Records for the exercise:

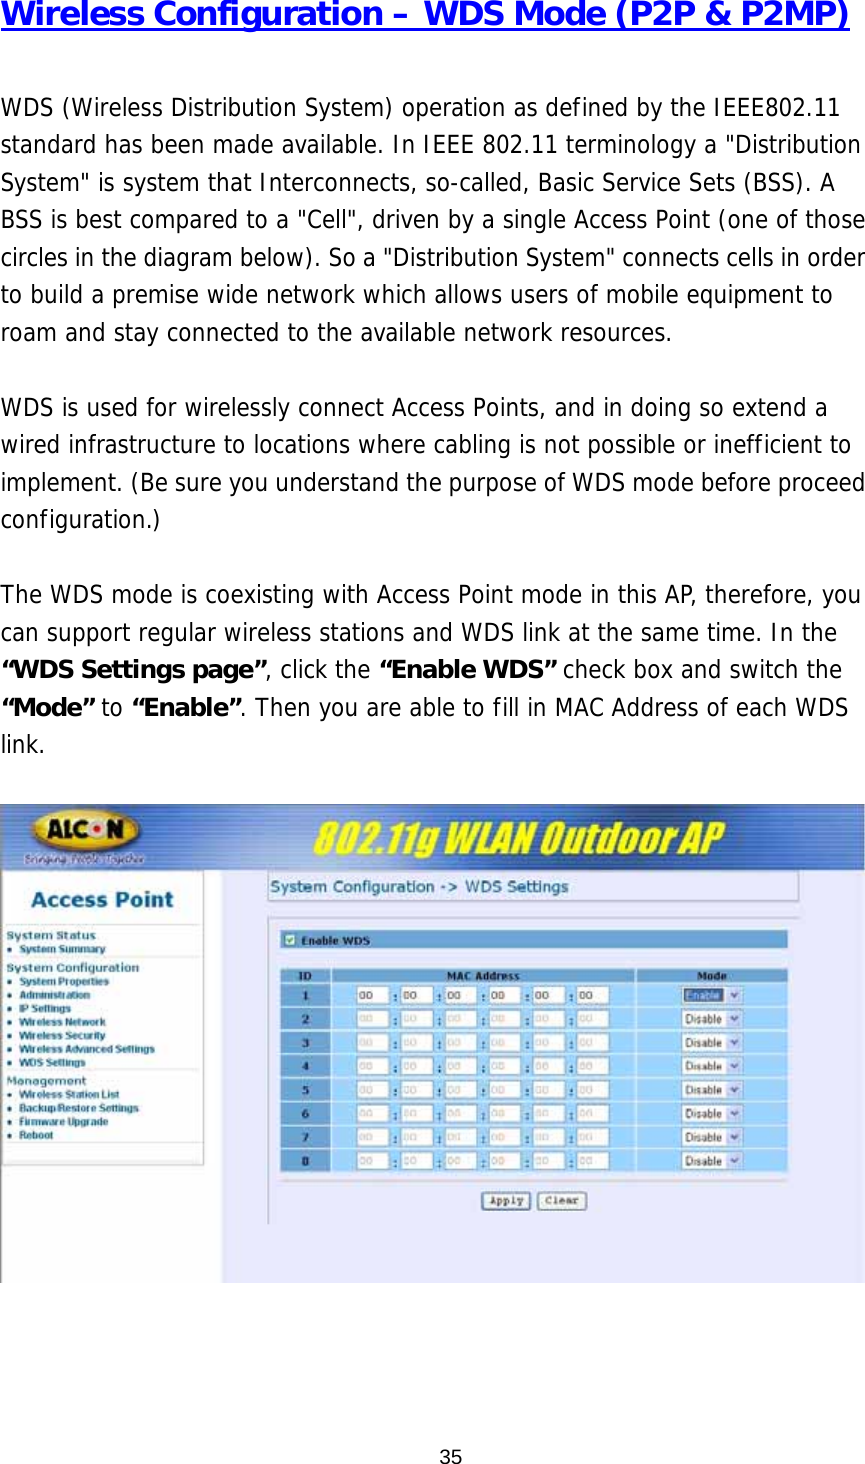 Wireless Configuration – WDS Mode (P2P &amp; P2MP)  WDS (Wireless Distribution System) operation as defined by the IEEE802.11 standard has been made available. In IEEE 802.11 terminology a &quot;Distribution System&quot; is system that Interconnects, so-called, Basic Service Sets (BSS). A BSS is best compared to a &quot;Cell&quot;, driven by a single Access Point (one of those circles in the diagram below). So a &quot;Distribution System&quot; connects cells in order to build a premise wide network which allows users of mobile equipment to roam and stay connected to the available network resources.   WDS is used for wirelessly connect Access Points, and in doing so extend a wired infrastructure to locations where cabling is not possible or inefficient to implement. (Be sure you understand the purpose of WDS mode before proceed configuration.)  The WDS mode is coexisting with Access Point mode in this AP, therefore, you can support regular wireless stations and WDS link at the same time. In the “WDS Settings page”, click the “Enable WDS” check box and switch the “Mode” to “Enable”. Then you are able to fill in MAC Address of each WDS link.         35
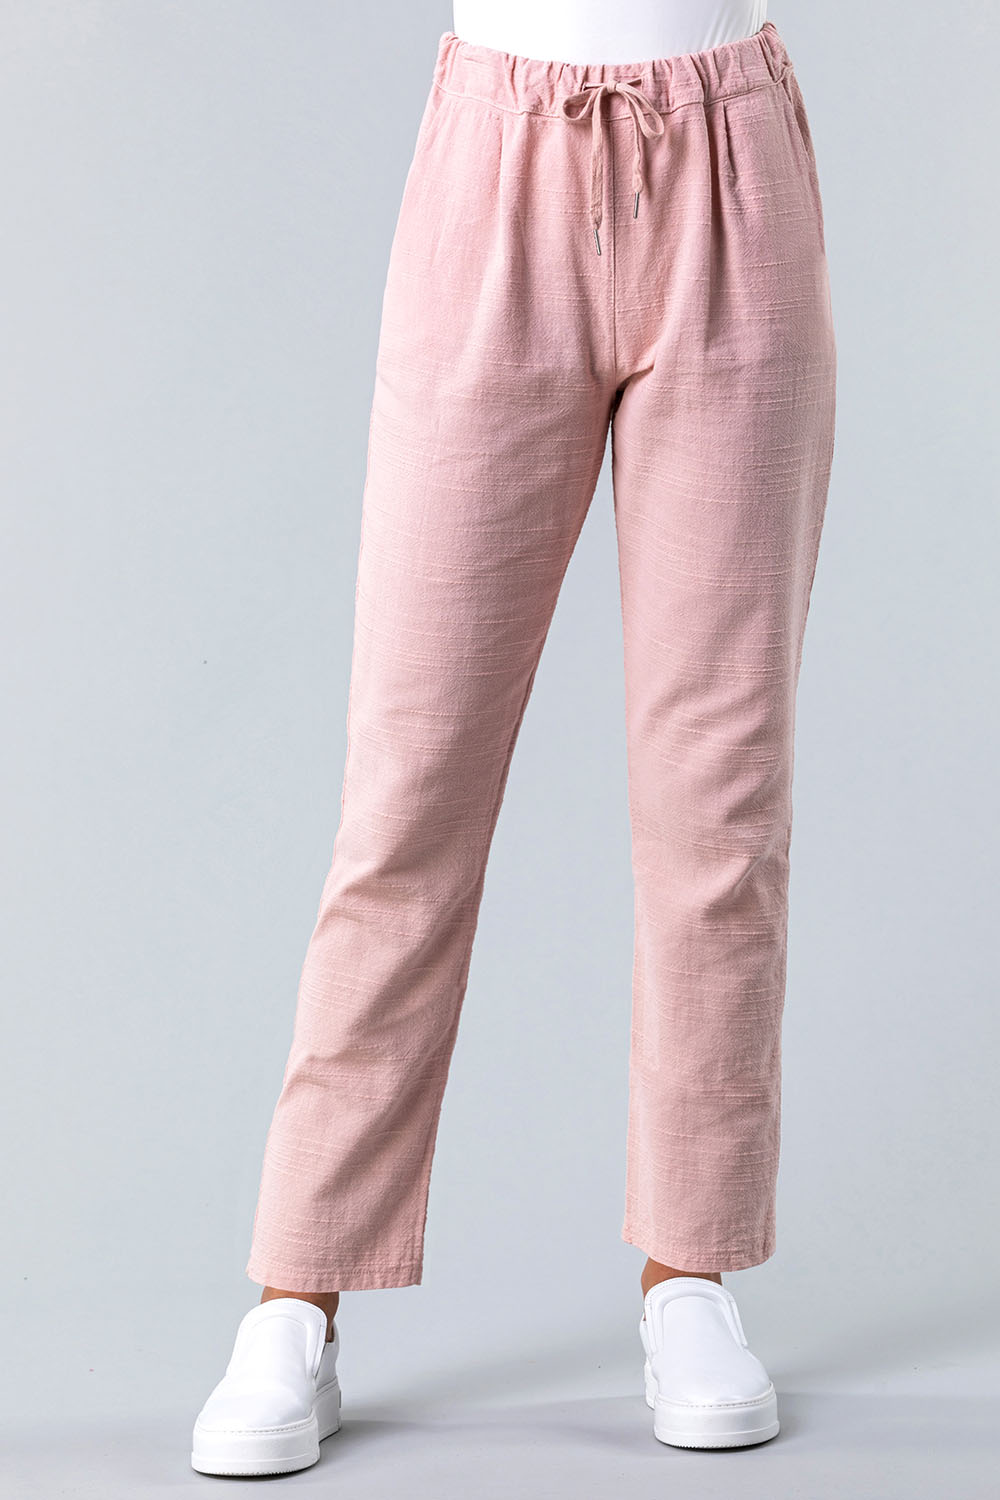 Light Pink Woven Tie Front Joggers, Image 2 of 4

...

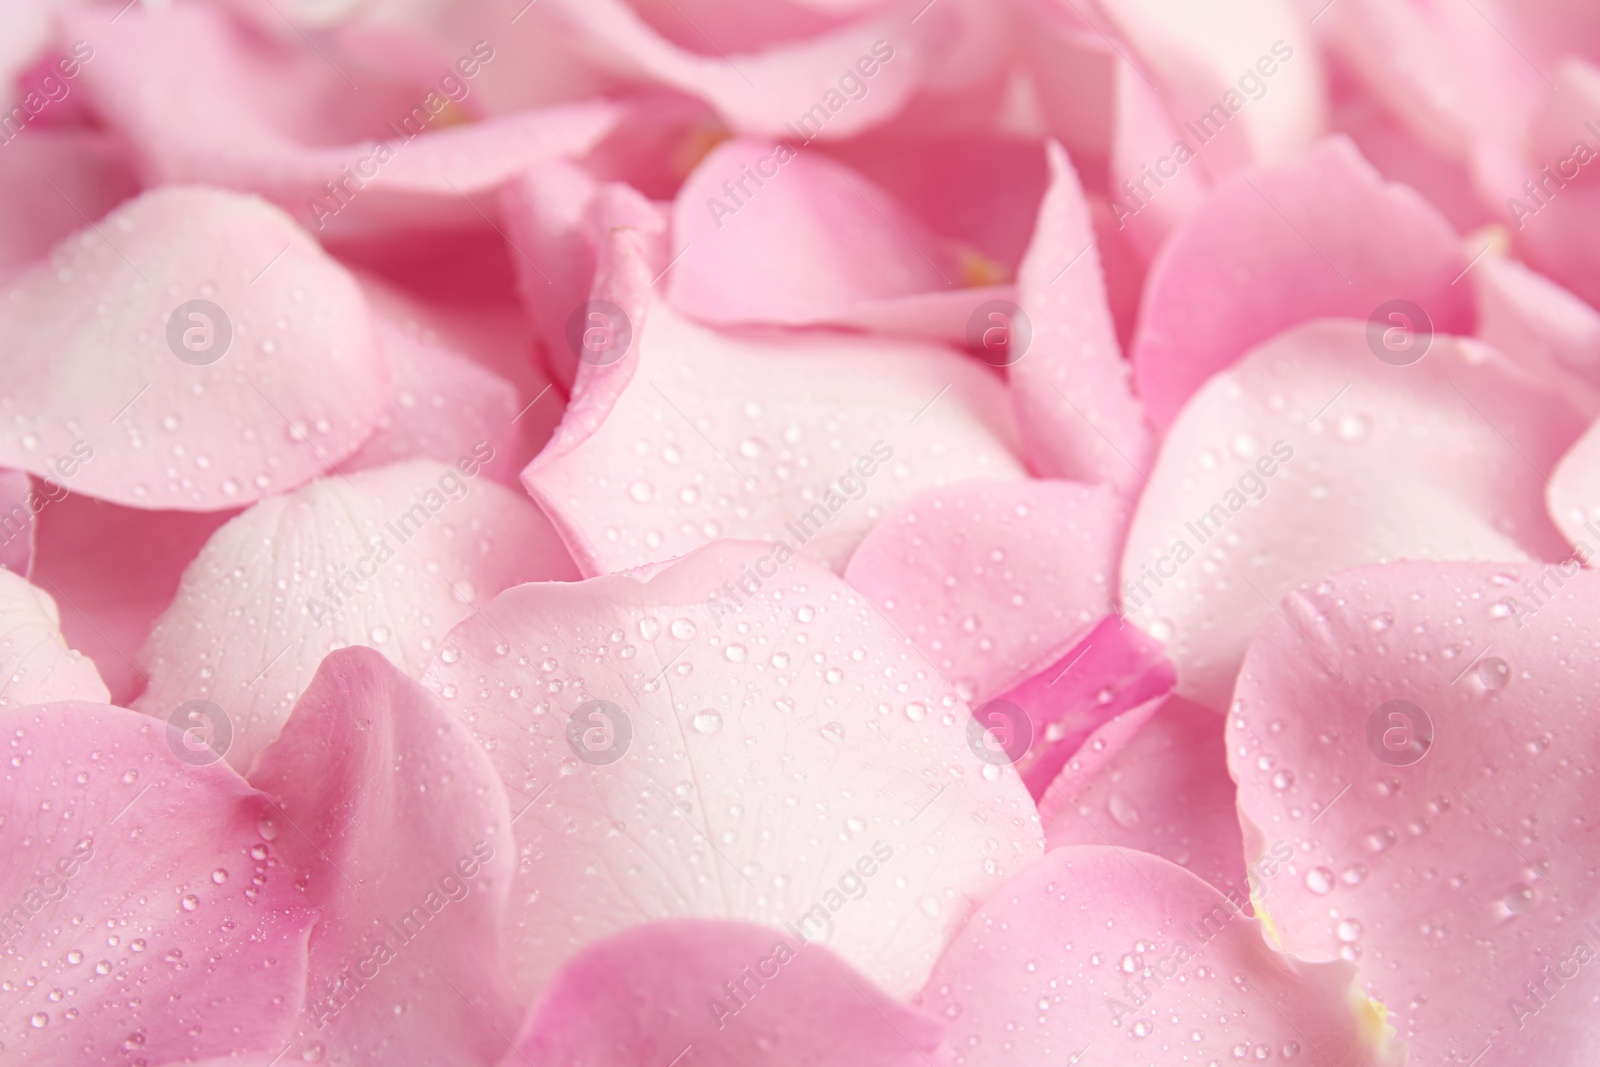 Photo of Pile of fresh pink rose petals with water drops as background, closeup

* * *

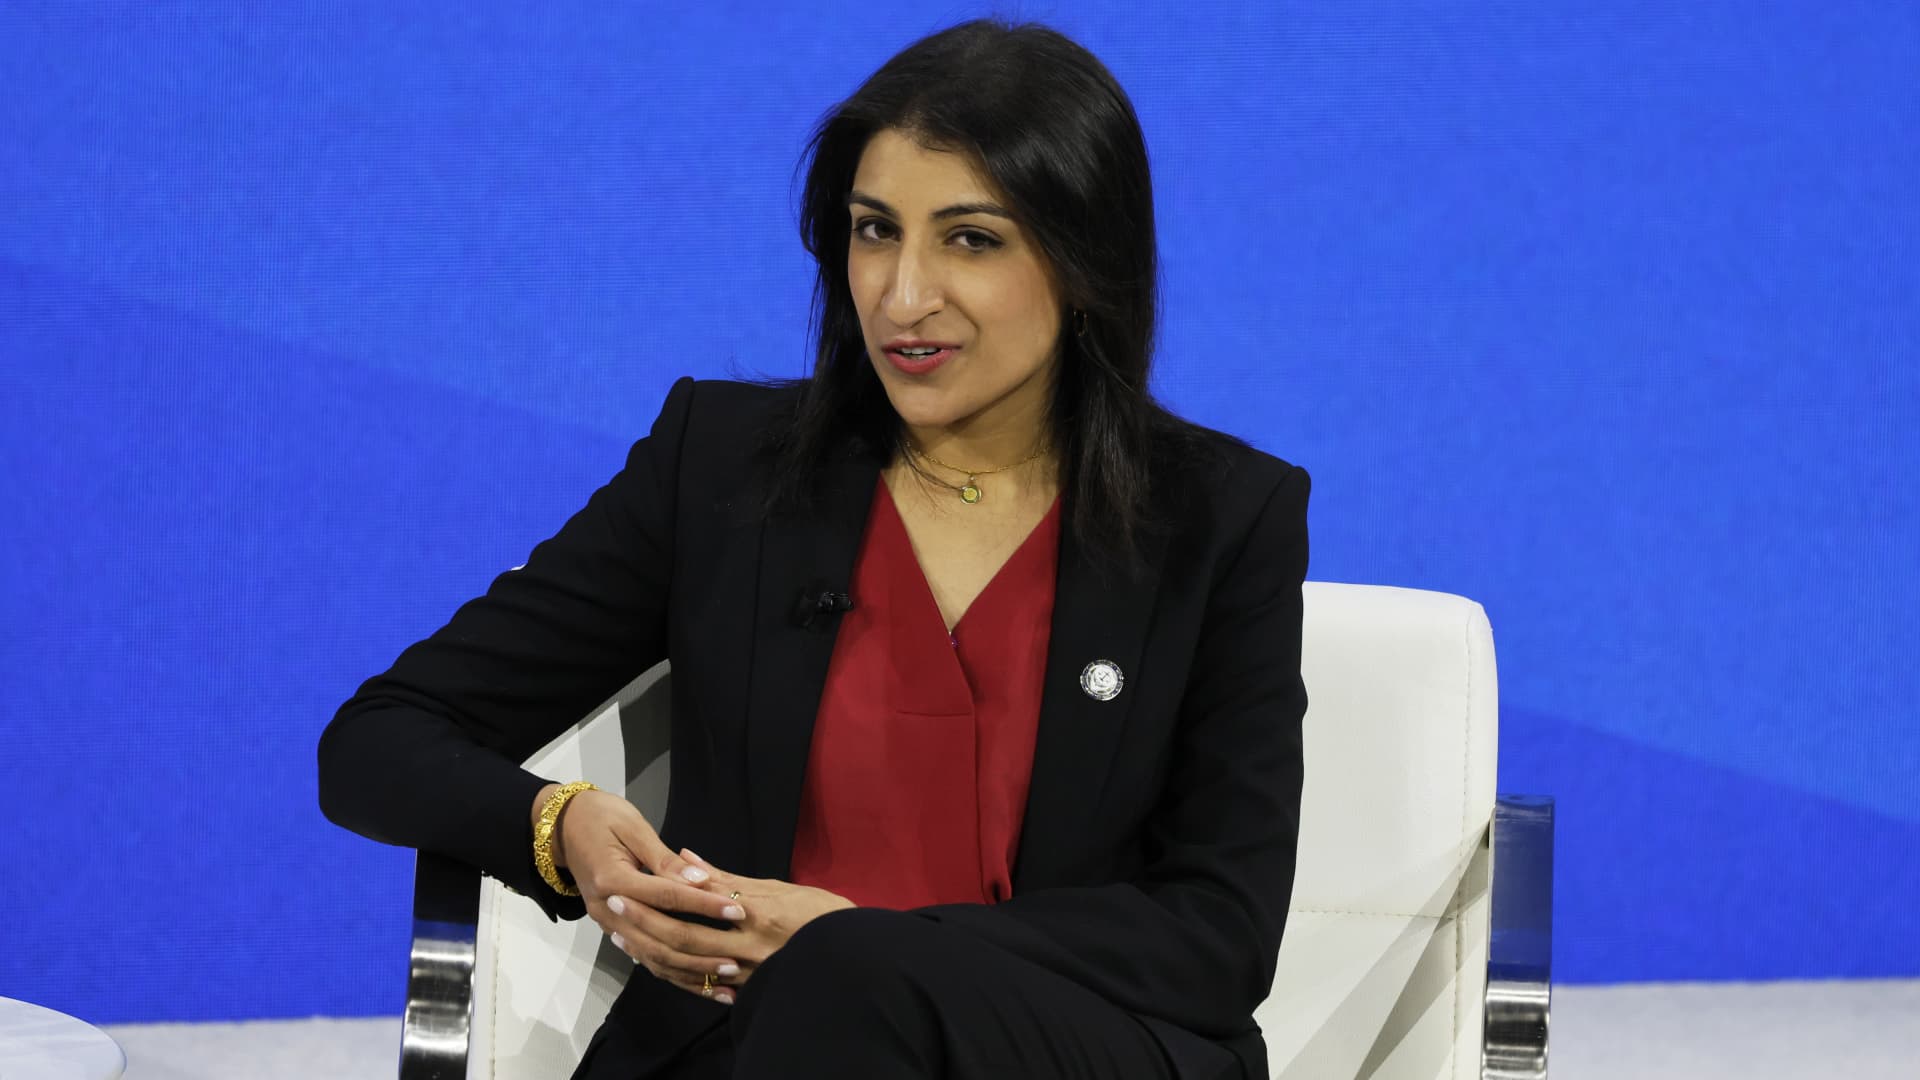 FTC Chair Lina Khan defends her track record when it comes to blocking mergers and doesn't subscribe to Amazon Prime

Description of the task:
Give back the exact lines above, running from the one that has "Wireless Configuration –" through the one that has "Light Pink Woven", with nothing added and no pictures.

Expected answer:
 Wireless Configuration – WDS Mode (P2P &amp; P2MP)  WDS (Wireless Distribution System) operation as defined by the IEEE802.11 standard has been made available. In IEEE 802.11 terminology a &quot;Distribution System&quot; is system that Interconnects, so-called, Basic Service Sets (BSS). A BSS is best compared to a &quot;Cell&quot;, driven by a single Access Point (one of those circles in the diagram below). So a &quot;Distribution System&quot; connects cells in order to build a premise wide network which allows users of mobile equipment to roam and stay connected to the available network resources.   WDS is used for wirelessly connect Access Points, and in doing so extend a wired infrastructure to locations where cabling is not possible or inefficient to implement. (Be sure you understand the purpose of WDS mode before proceed configuration.)  The WDS mode is coexisting with Access Point mode in this AP, therefore, you can support regular wireless stations and WDS link at the same time. In the “WDS Settings page”, click the “Enable WDS” check box and switch the “Mode” to “Enable”. Then you are able to fill in MAC Address of each WDS link.         35
 Light Pink Woven Tie Front Joggers, Image 2 of 4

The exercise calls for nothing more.